Basic question: 25 years ago, was there any place where you would have interacted with thousands and thousands of high school kids and/or their parents? No. So it seems like more because 25 years ago, you wouldn’t have known that a random student 1500 miles away got a C because she was hospitalized with meningitis.
My mom essentially dropped out of high school when her junior precalc teacher wouldn’t work with her after she missed a few weeks of school for a horrific internal infection. She was hospitalized.
She was a straight A student who ended up with a D. It was demoralizing and since no one was pushing her to go to college, she just stopped trying. Had she been in my generation, there would have been support for her.
If I lived in my mom’s generation, I would likely not have earned a bachelor’s degree let alone go on to get several advanced degrees like I have.
As an instructor, I want to know if my students are struggling. Struggling and overwhelmed students I can work with. Lazy students are usually a lost cause.
But yes, most students get bad grades out of laziness or inability, not because of an acute or health incident. You don’t hear about them because there’s no reason to.
Just my opinion, but I think an “excuse” would work if the low performance was an outlier. A semester with Cs and Ds from an otherwise A student could be explained by a life event such as an illness, undiscovered learning issue, or death in the family. One class with a low grade could be explained by something not clicking with the student. But several semesters of several bad grades points to other issues.
The difference now as opposed to when I was in college 30 years ago is that it is much more difficult to gain admittance to top colleges and gain scholarship money for the others, and this is during time when college costs are outpacing income. Back in my day, I don’t think a bad semester would really affect most students.
Something similar happened to my mother, only she ended up with a C in a couple of classes. Her parents couldn’t have cared less because “girls don’t need college” was the prevailing thought at the time.
The thing is, these days, with families who are sophisticated about this sort of thing, intervention, testing and diagnosis, and accommodations should in theory, help AVOID a dip in grades. And the other option is a medical withdrawal to keep the transcript clean- which parents on this forum often suggest.
The kids who come on here for help with their appeals, generally do NOT come from families who are advocating for them in a knowledgeable way and many are actually even afraid to tell their parents.
Some of them have legitimate diagnosable problems that would merit support, accommodations or a medical withdrawal but without the advice of adults who know how things work, fail.

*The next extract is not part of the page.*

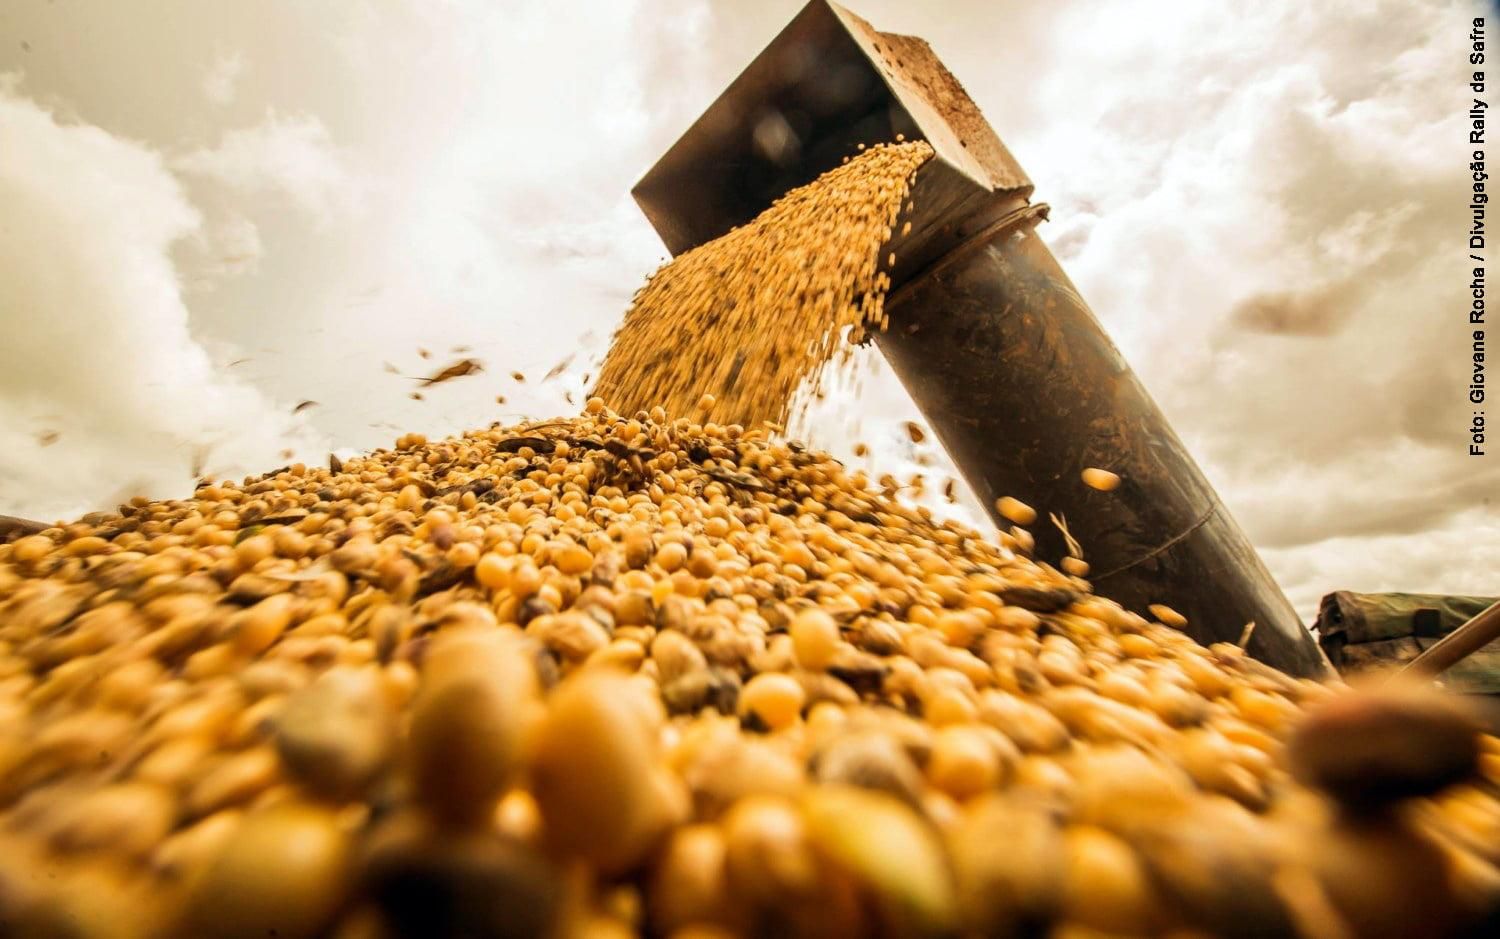 Brazil traders commission tool to gauge farmers' soy contract compliance

I personally think this is one of the strongest areas for this forum.
I remember a recent poster who was appealing a dismissal and after coming on the forum, got a medical withdrawal, a medical leave with certain requirements for reentry, and basically a better option than dismissal. Parents on here worked with the kid to understand that life plans have to be flexible and to use the time out to get help needed.
When people criticize CC, I think of this kind of thing. Many parents are willing to help and share what they have learned.